(Stored data)

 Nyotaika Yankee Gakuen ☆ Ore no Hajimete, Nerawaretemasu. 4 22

(End Stored data)
(Stored data)

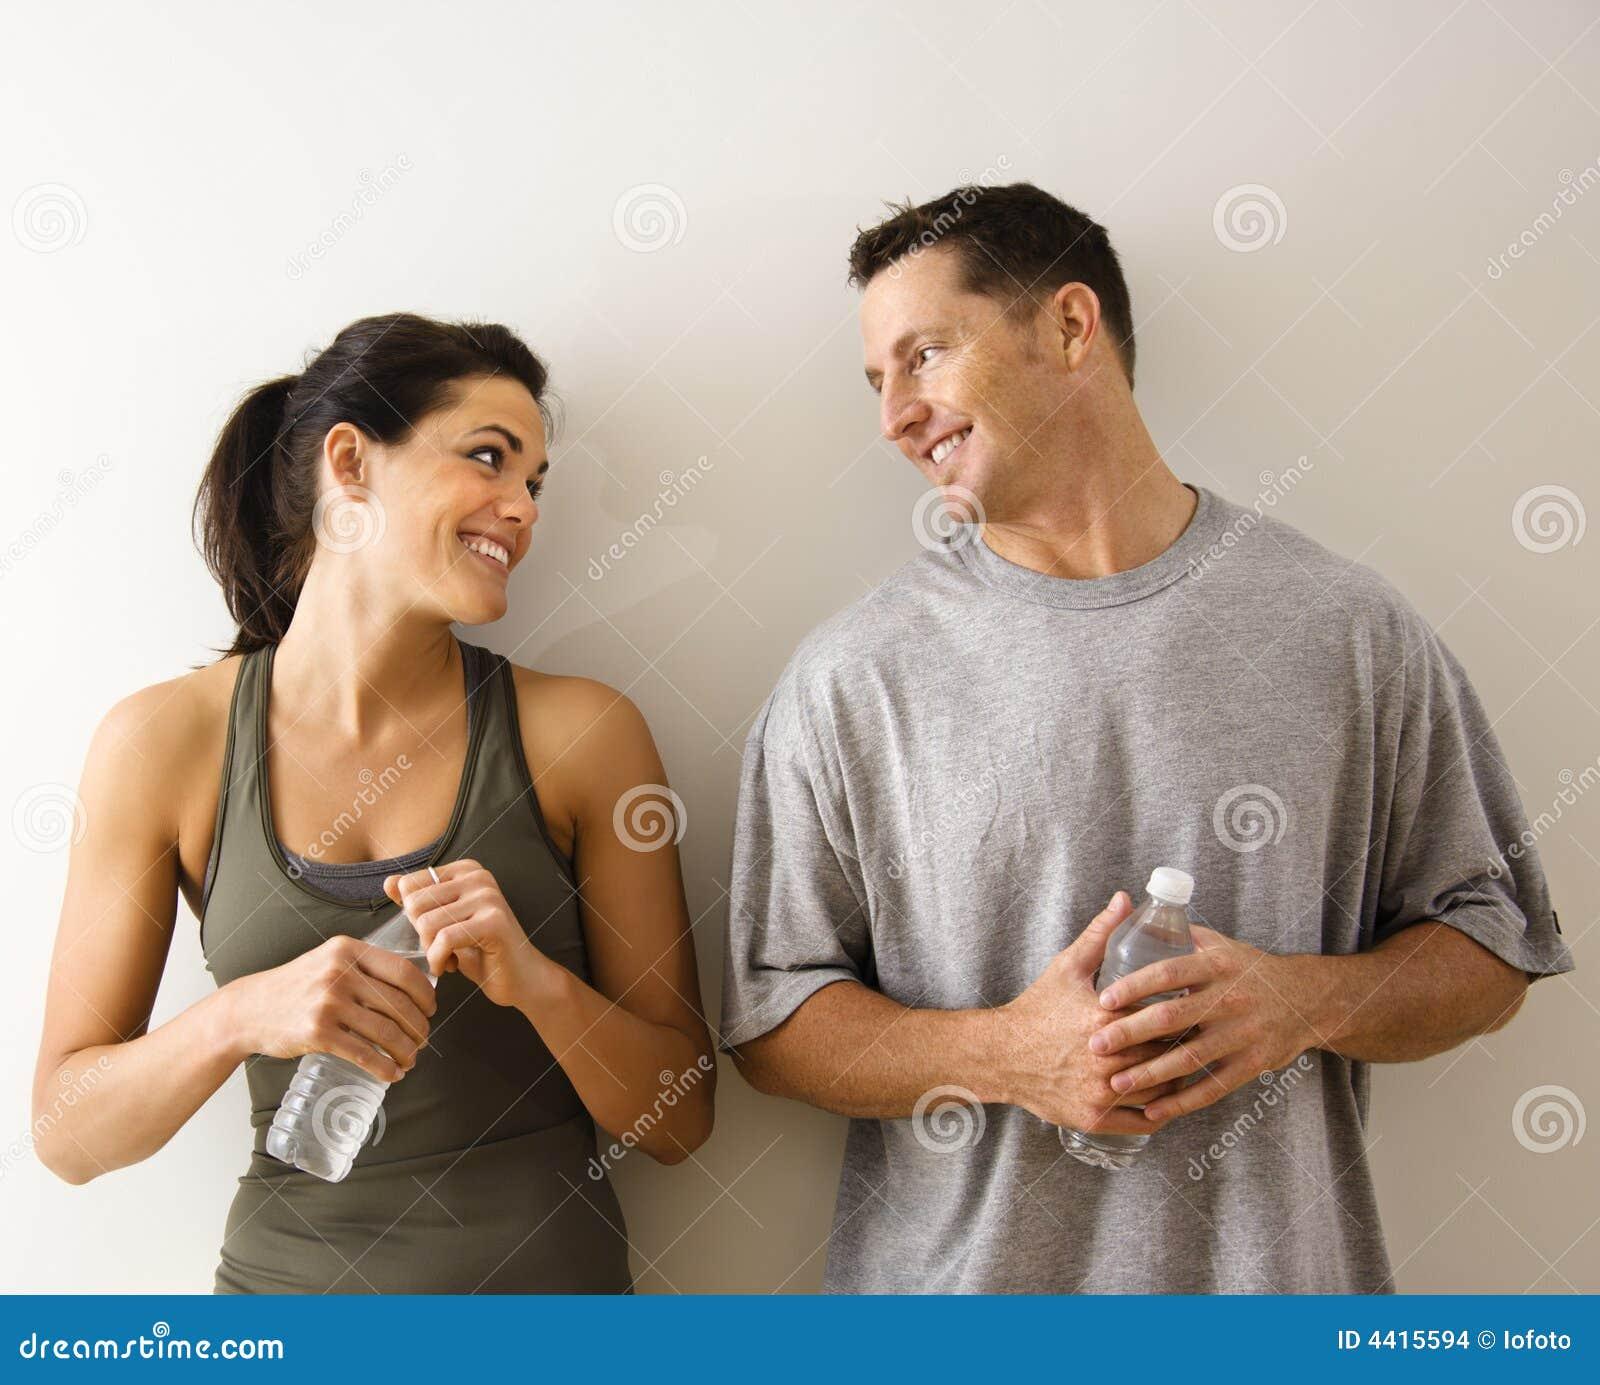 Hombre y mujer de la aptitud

(End Stored data)
(Stored data)

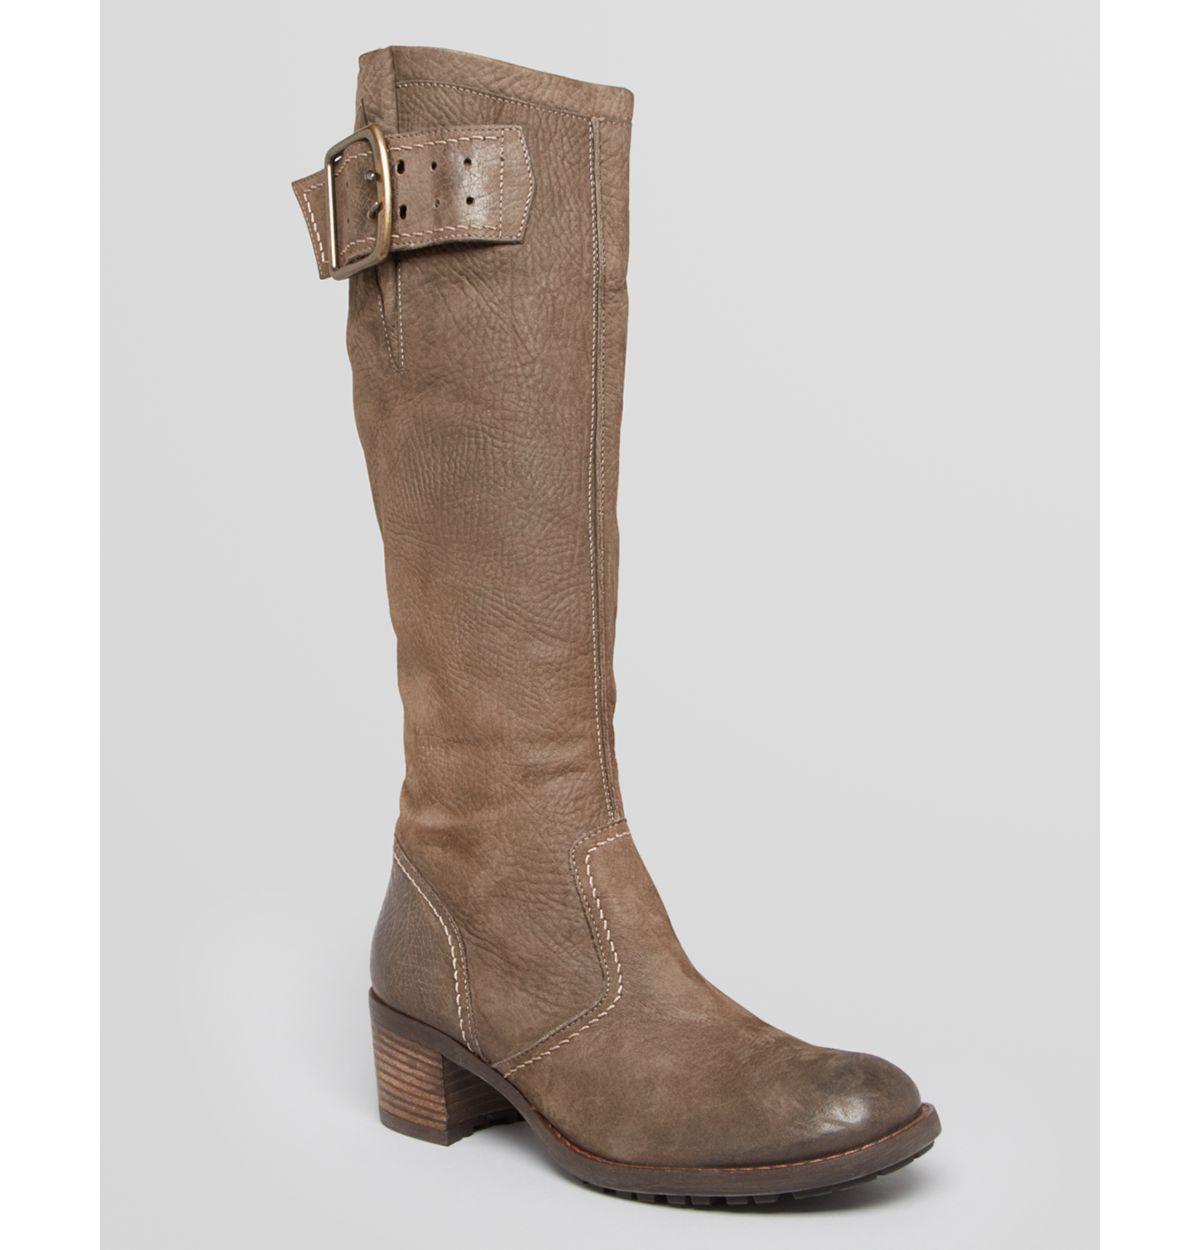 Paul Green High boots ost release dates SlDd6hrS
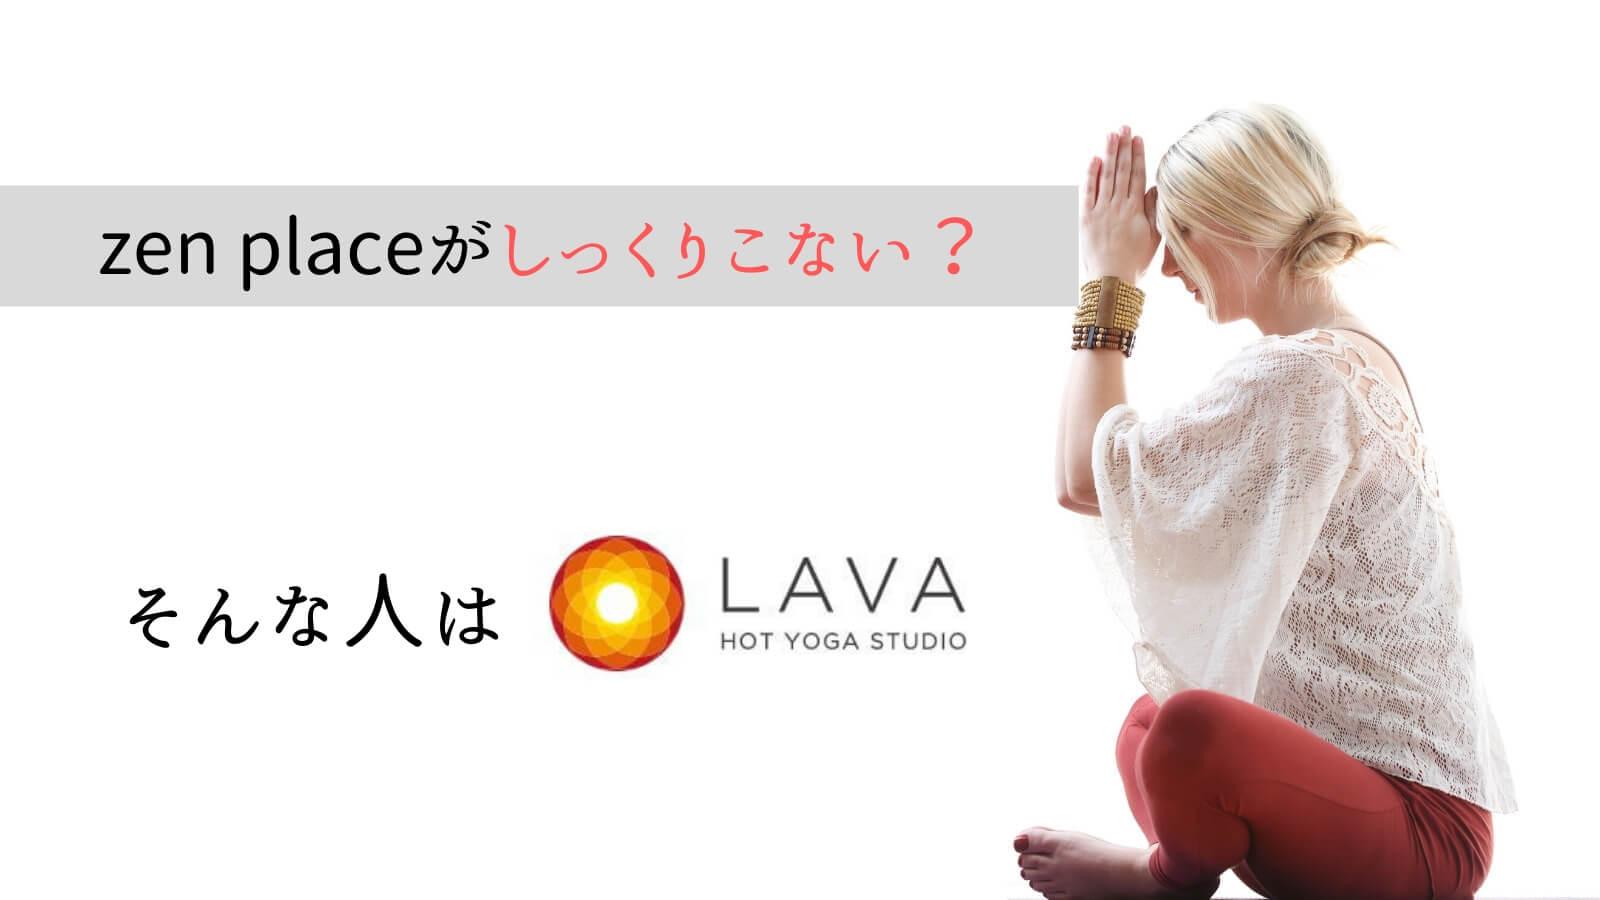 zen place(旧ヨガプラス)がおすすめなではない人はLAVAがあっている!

(End Stored data)

Problem: Starting with the line that contains "Paul Green High" and finishing with the line that contains "zen place(旧ヨガプ", reproduce every line of the material above exactly, but not the pictures.

Response area:
 Paul Green High boots ost release dates SlDd6hrS
 zen place(旧ヨガプラス)がおすすめなではない人はLAVAがあっている!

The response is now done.